You can multiply the argument to the sigmoid by some number greater than 1 to make the sigmoid stronger and the mask closer to 0 and 1 (e.g. tf$sigmoid(B_delta * 10)
), though that will increase the risk of a rounding error, and getting bad
samples.
One thing I need to do is warn users that the gradient isn't available. I'll open a new issue for that shortly.
Longer term, I'm planning to introduce samplers for models with discrete elements (theres a PR at #104 but it won't be ready very soon), though those are likely to be much less efficient that HMC.
Nick
Ahaa.. that would do it. Good spotting, and thanks for the suggestions. In this case, the discrete operation can be ditched with only minor changes in interpretation.

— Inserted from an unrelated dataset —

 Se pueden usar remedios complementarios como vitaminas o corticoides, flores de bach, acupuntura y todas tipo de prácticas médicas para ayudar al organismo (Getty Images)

It does run slowly, surprisingly so given how fast the Tensorflow operation is (although there is a delay compiling/adding it to the graph):
S = 9
mu_true = tf$constant(seq(0.05, 0.09, length.out = S), shape = shape(S, 1))
a <- tf_growth_function(mu_true, S, 100L)

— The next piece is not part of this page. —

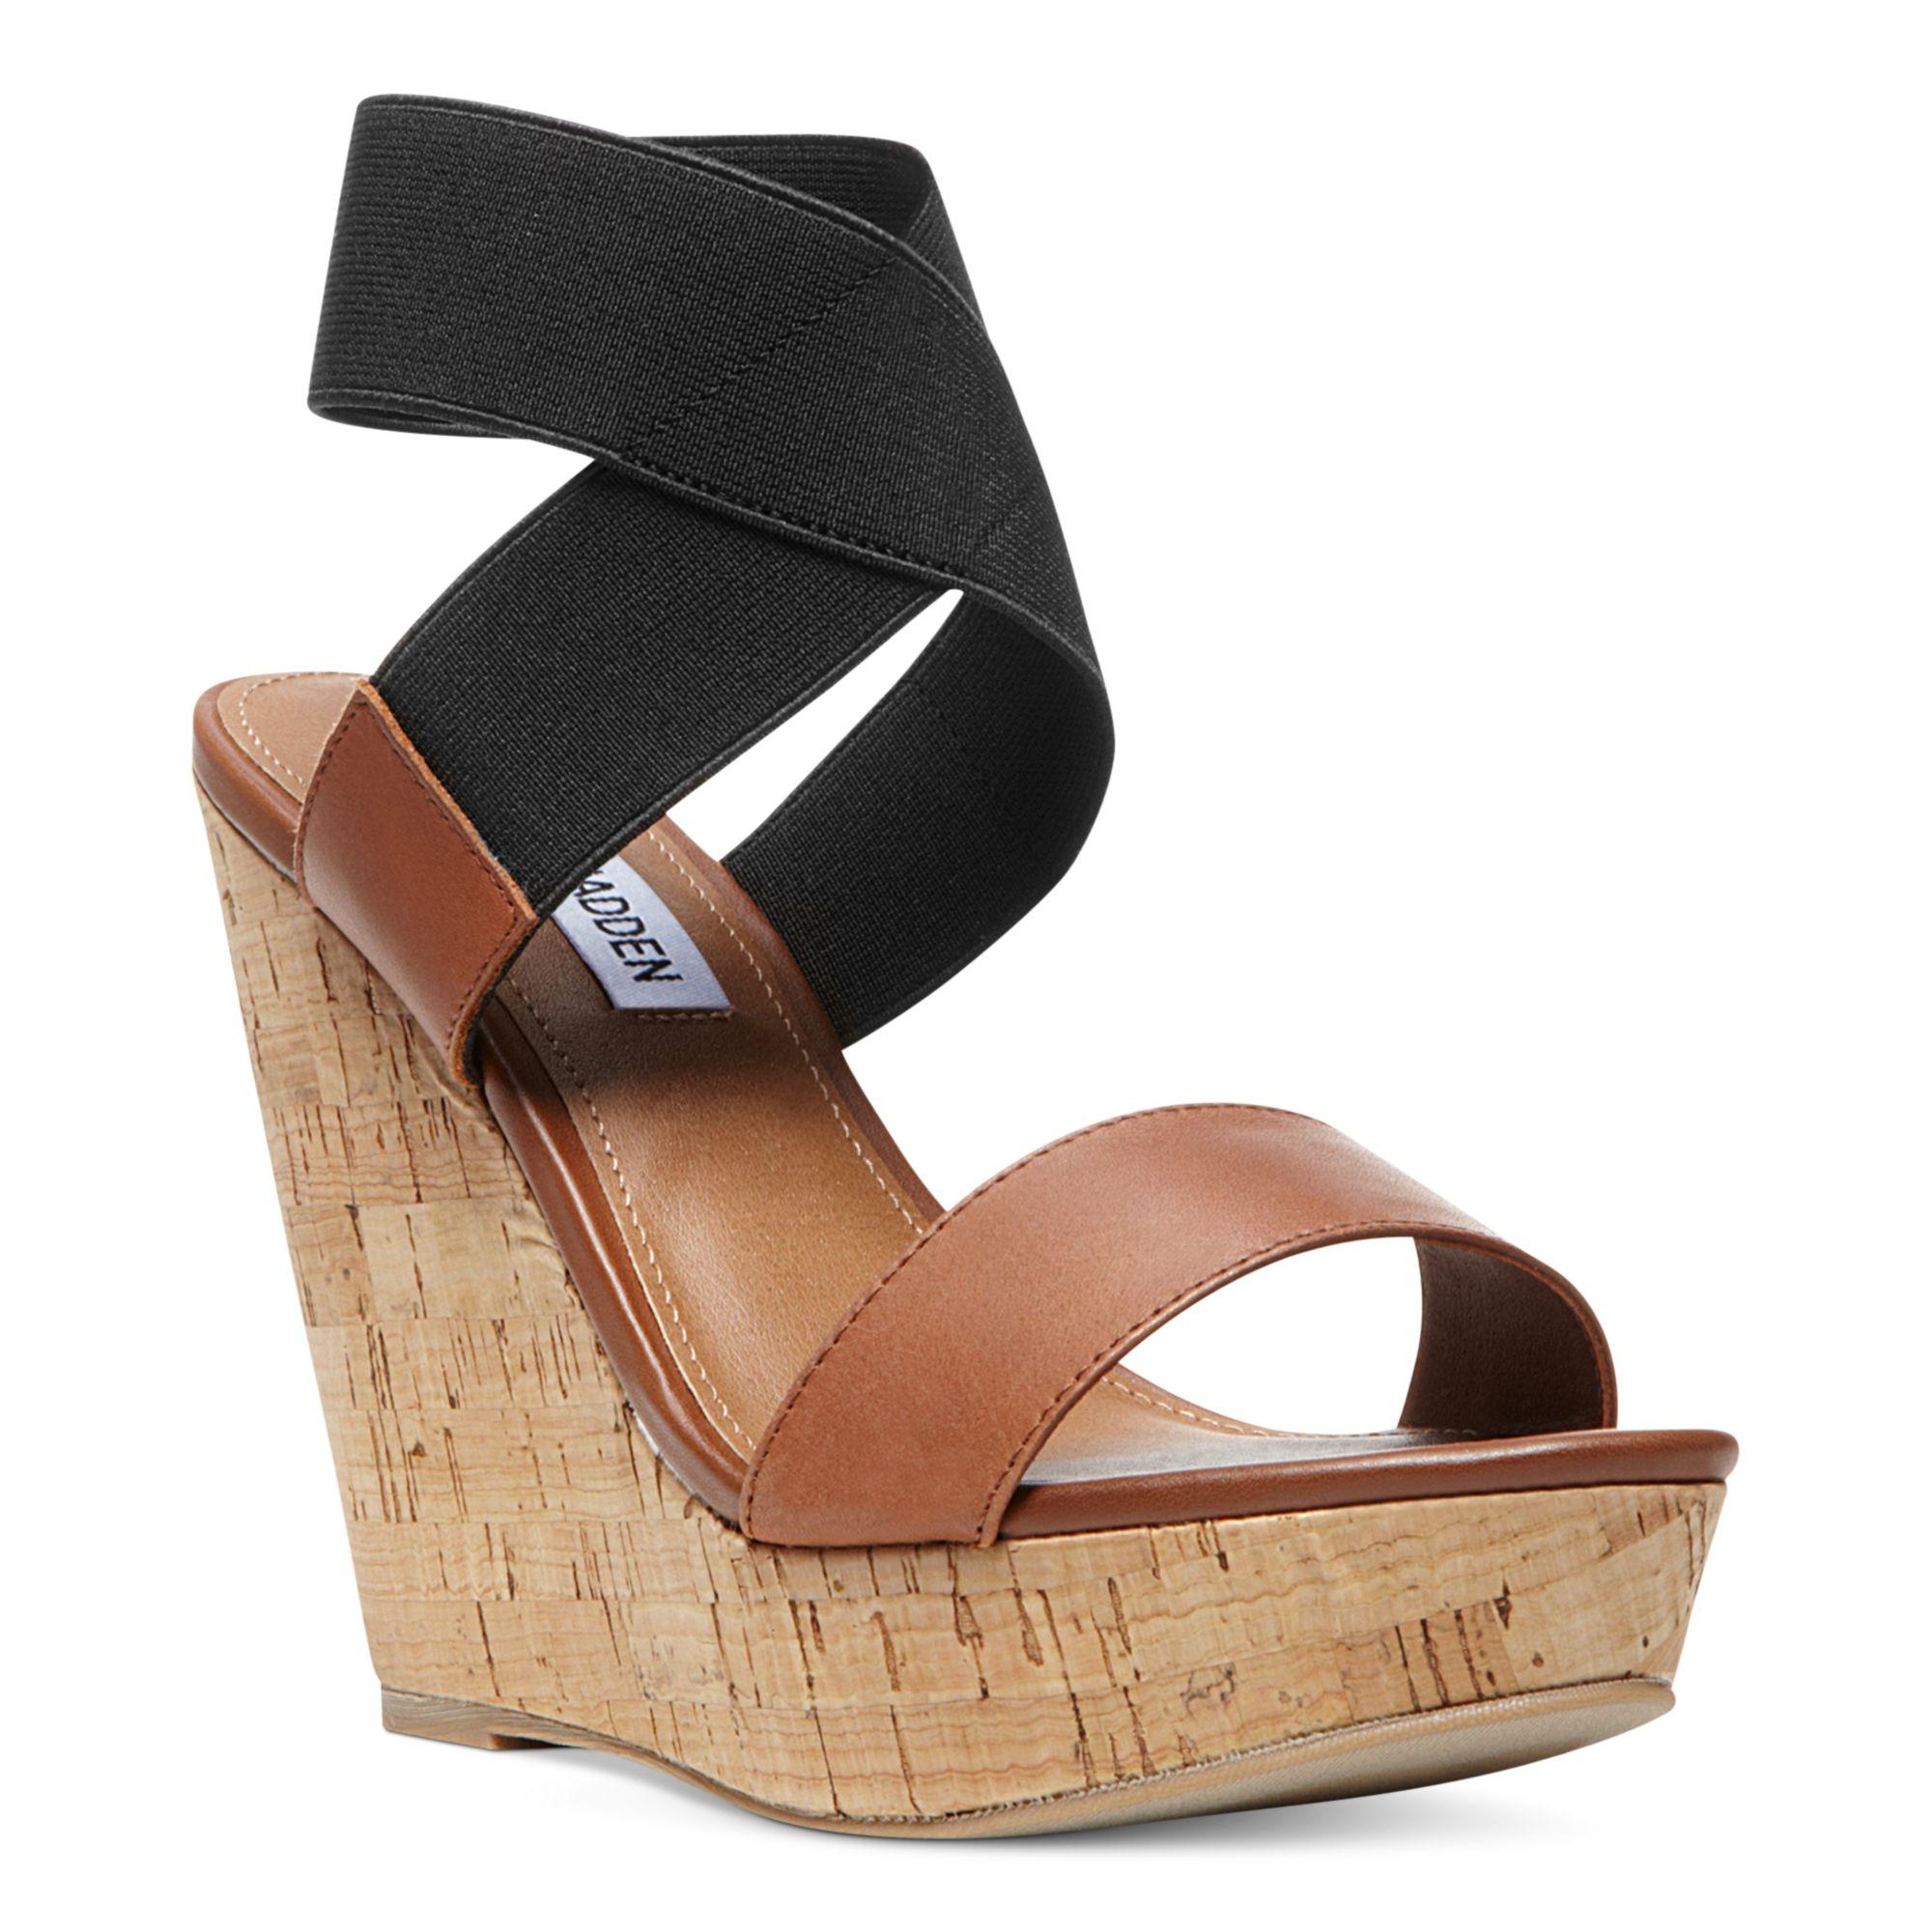 steve madden roperr platform wedge sandals in brown cognac multi lyst. Black Bedroom Furniture Sets. Home Design Ideas

system.time(b <- sess$run(a))
takes 0.83s
on my laptop, but still ~10-15min for 200 iterations. Am I underestimating the overhead of calculating log densities or gradients?
I think the slow-down is that each step of the HMC sampler has to try 10-20 different parameter sets and return the density and the gradient of the density (for the leapfrog integrator).
Adding that in, I would expect about 10s per iteration on solving the ODE:
g <- tf$gradients(a, mu_true)
sess <- tf$Session()
system.time(replicate(15, {sess$run(a); sess$run(g)}))
user system elapsed
13.534 7.099 9.473
the gradient takes about 6x as long to compute as the value. So your best best for a speed up would be to profile and optimise the code for the ODE as much as you can
OK, thanks. This leads nicely to a question about how greta scales with compute resources. From the little digging I've done, Tensorflow's ConfigProto
should spread things out over as many cores as I throw at it?
Yup, by default it should find all the cores and use as many as it can per operation, so you'll only get a speedup if the operation is big enough that it makes sense to split it up. E.g. linear algebra ops
Here's a fairly advanced prototype of an ODE solver in greta: https://gist.github.com/goldingn/bea9e3dac12cbcb53e4e3fa8456d77bc
It works by executing the derivative function on mocked-up versions of the inputs, and using that to build a separate DAG object for the function. It then creates a tensorflow function of the derivative which runs by defining this sub-DAG in a new environment, taking pre-defined tensors. This function is then passed to tf$contrib$integrate$odeint()
to get a tensor for the solution.
I'm planning to wrap this up as an extension package (greta.ode
or similar) so that it doesn't clutter the main greta API.
Neat! That's so much tidier than coding up the derivative in tensorflow. What's the advantage of the sub-DAG?
The sub-DAG method is just the only way (I know) to convert from greta code to tensorflow code without writing a full-blown parser and translator to convert the function.
It would be interesting to see if there's a performance hit in this approach, compared with manually defining the tensorflow function as you did previously. There shouldn't be.
Cool. You mention it's still a little slow - one popular approach to these problems is to approximate the gradient of the derivative with GPs, splines or reproducing kernel Hilbert spaces (??) and estimate parameters from the approximation with fewer ODE solves. There's a nice review by Benn MacDonald and recent papers show it scales well to large systems with many states.
Maybe one day I could take a stab at it in greta, I'll put it on the list.
Oh nice, yeah approximations like that would be ace. They could live in the same extension package for solving ODEs in greta.
Have you seen GPflowOpt for Bayesian optimisation with GPs? It might not make sense to have that as a dependency, but it uses similar ideas and is already in tensorflow.
I've decided this solver will live in greta.dynamics
The ode solver gist has been updated to work with the dev version fo greta, so is ready to go into greta.dynamics
implemented on the dev branch of greta.dynamics, so closing this
A wrapper around the TensorFlow contributed module to solve ODEs.